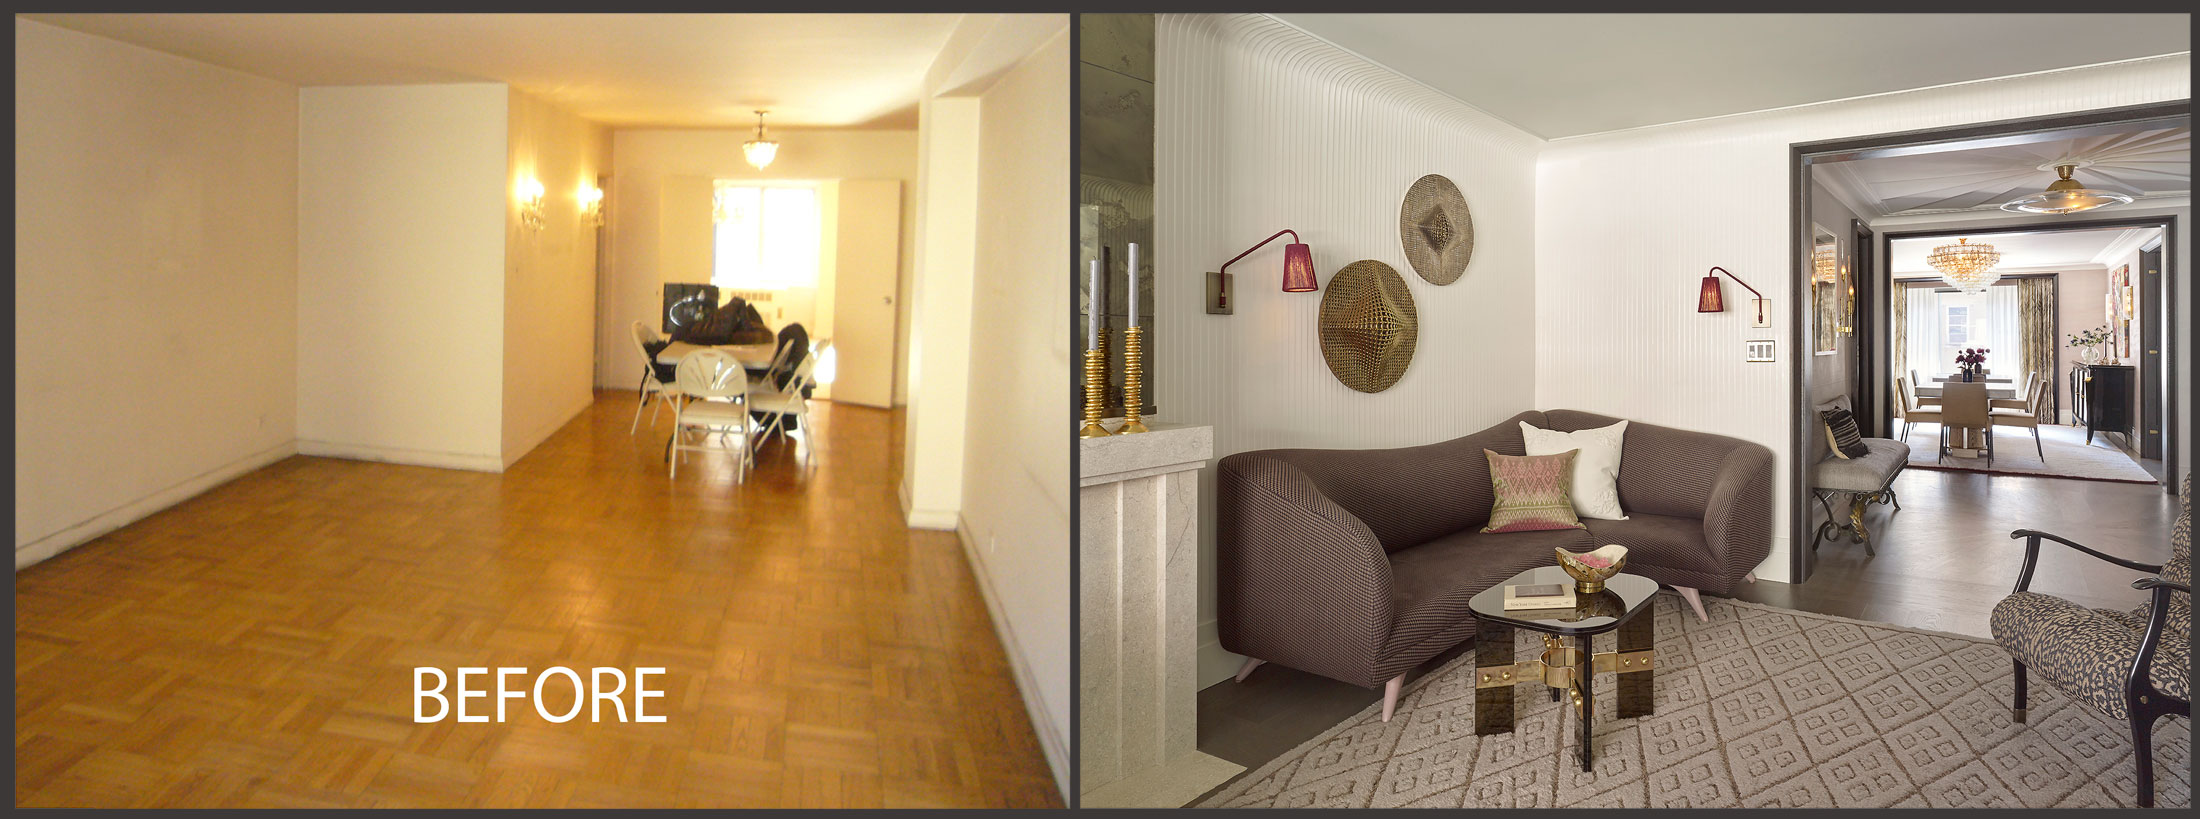 28-living-room-before-sbs.jpg
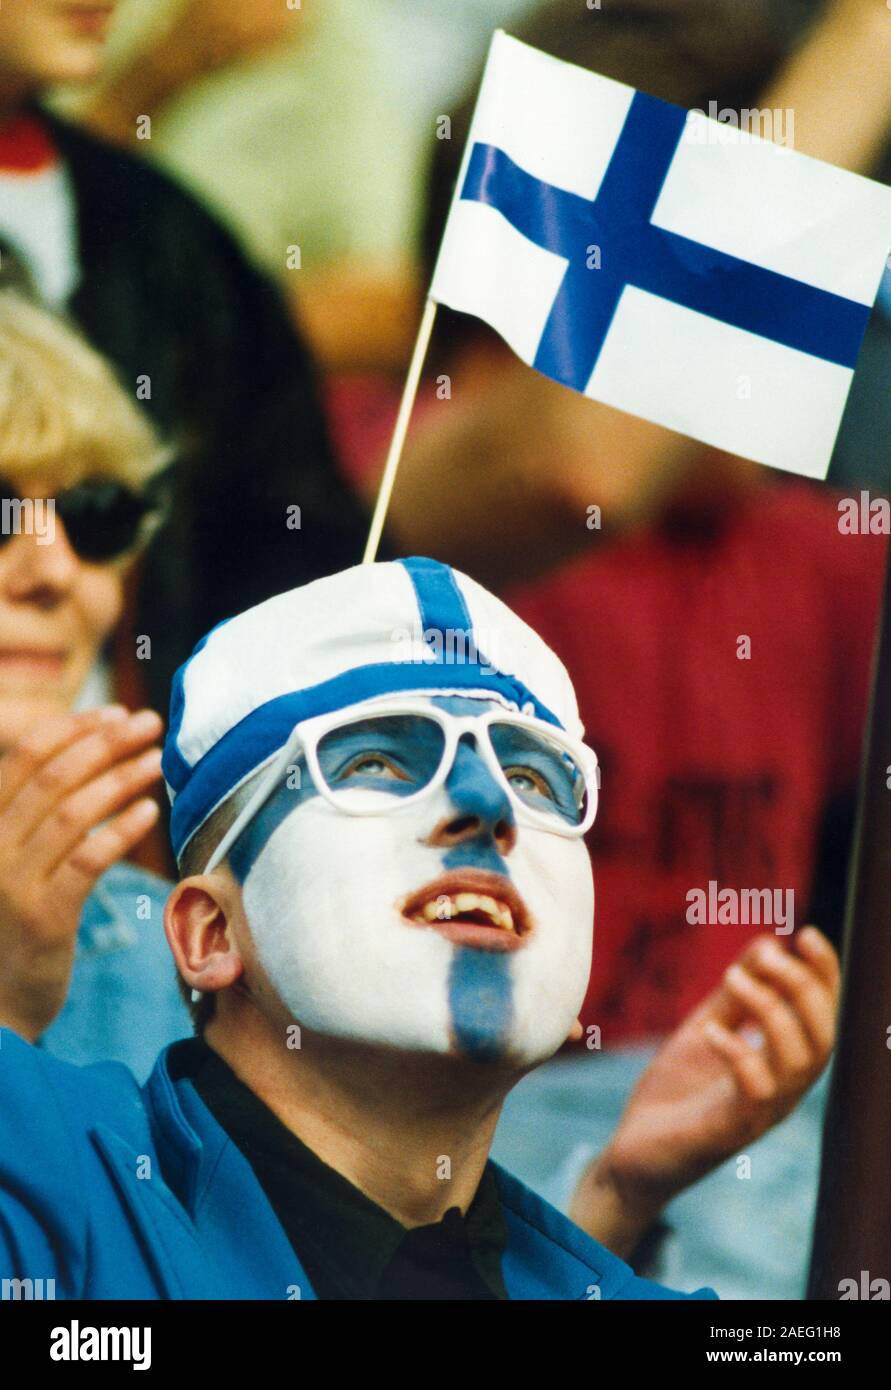 Sostenitore di atletica durante i cittadini tra la Svezia e la Finlandia in atletica leggera Foto Stock
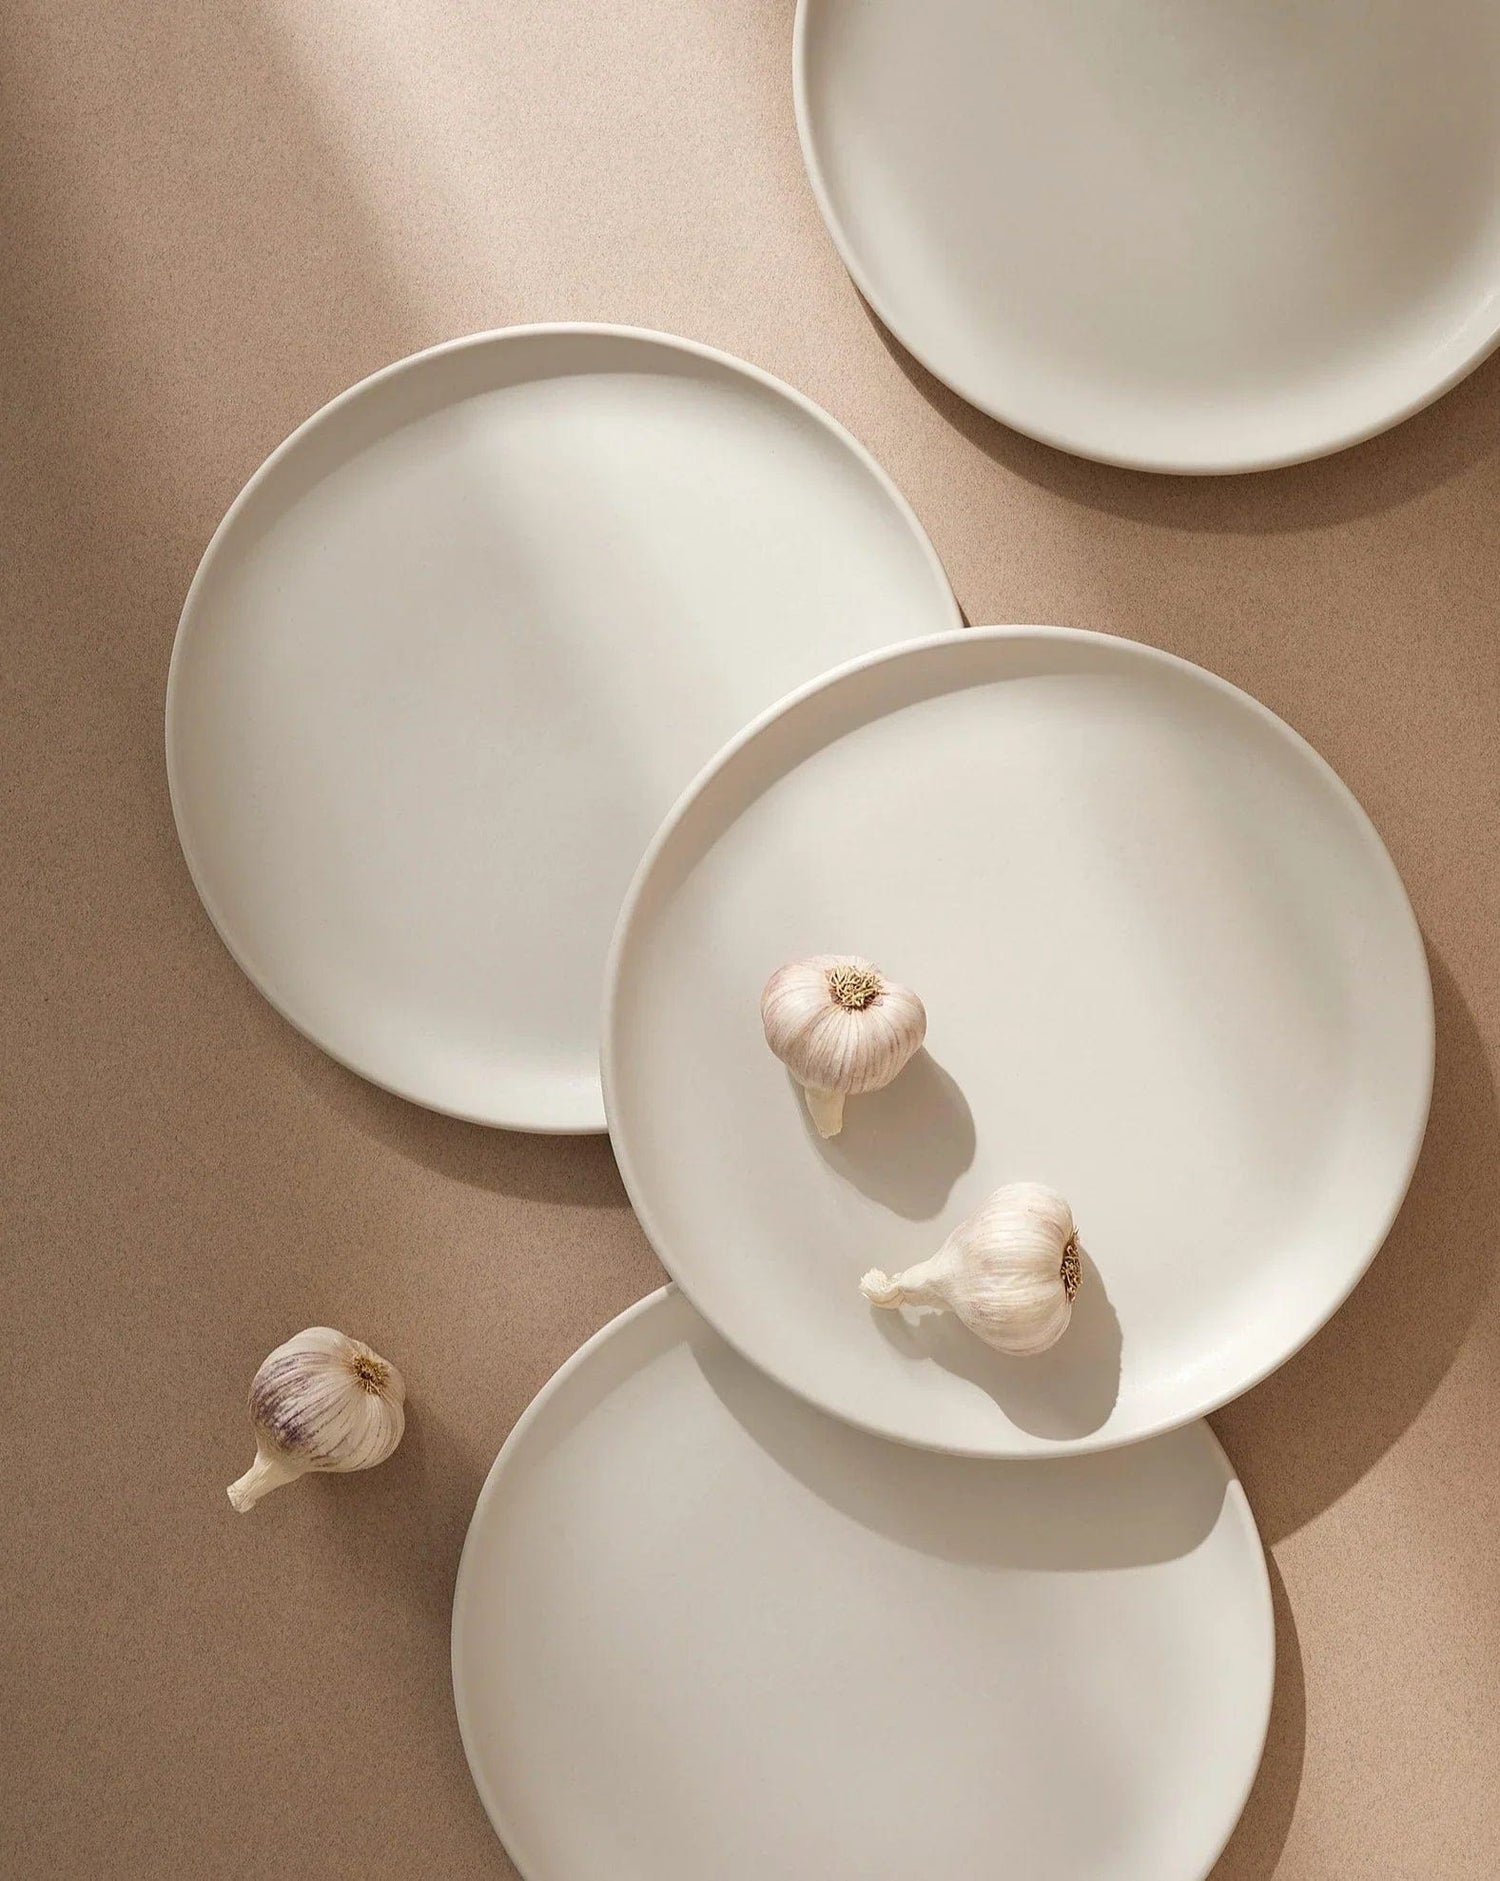 Japandi Tableware 12pc Dinnerware set - Dinner Plate, Side Plate + Bowl - Matte White
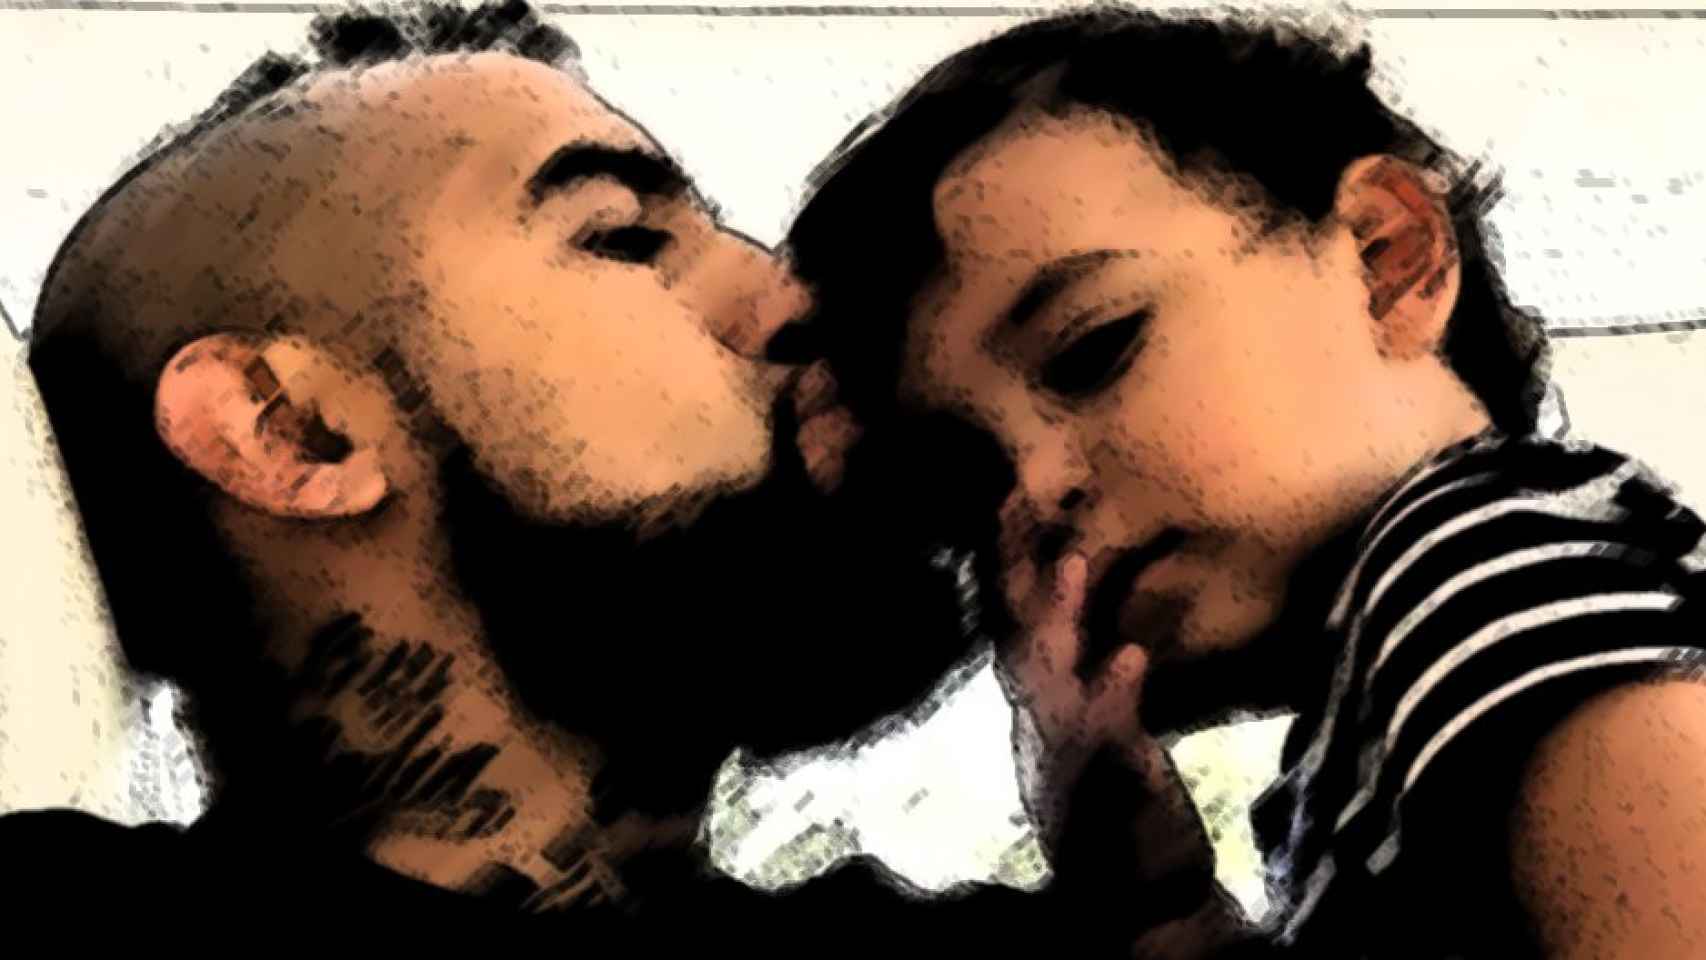 Arturo Vidal besa en la frente a su hijo
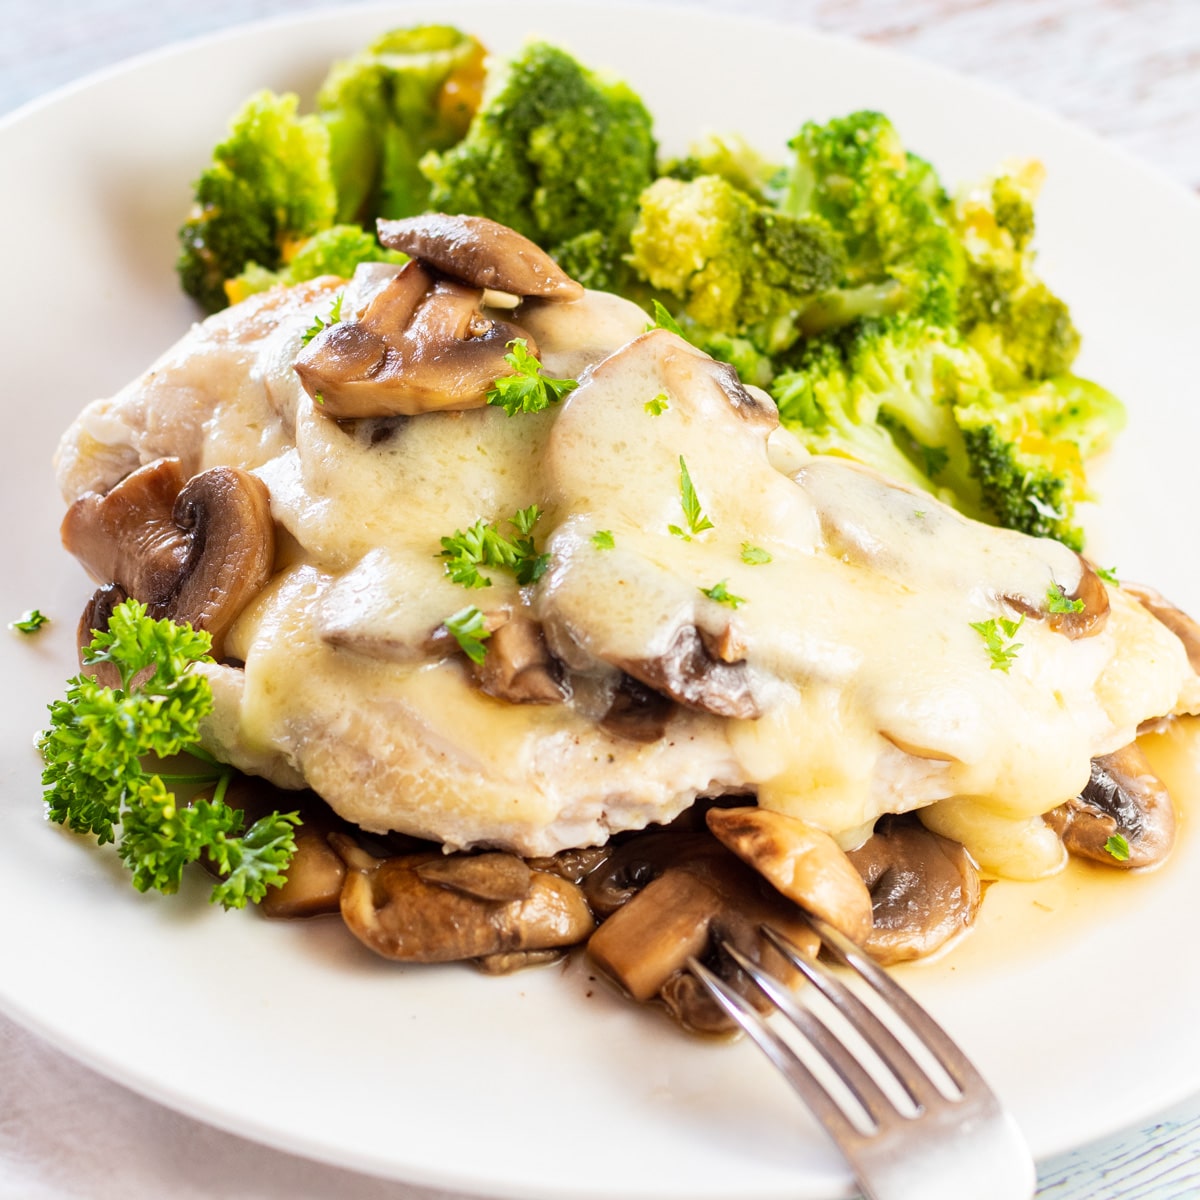 Le poulet suisse aux champignons tendre et savoureux est servi sur plus de champignons sautés sur une assiette blanche.
◇ ◇ ◇ ◇ ◇
Your goal |
Exactly as written above, print every line of the data but not its pictures.

Response for this exercise |
 28-living-room-before-sbs.jpg
 Sostenitore di atletica durante i cittadini tra la Svezia e la Finlandia in atletica leggera Foto Stock
 Japandi Tableware 12pc Dinnerware set - Dinner Plate, Side Plate + Bowl - Matte White
 Arturo Vidal besa en la frente a su hijo
 Le poulet suisse aux champignons tendre et savoureux est servi sur plus de champignons sautés sur une assiette blanche.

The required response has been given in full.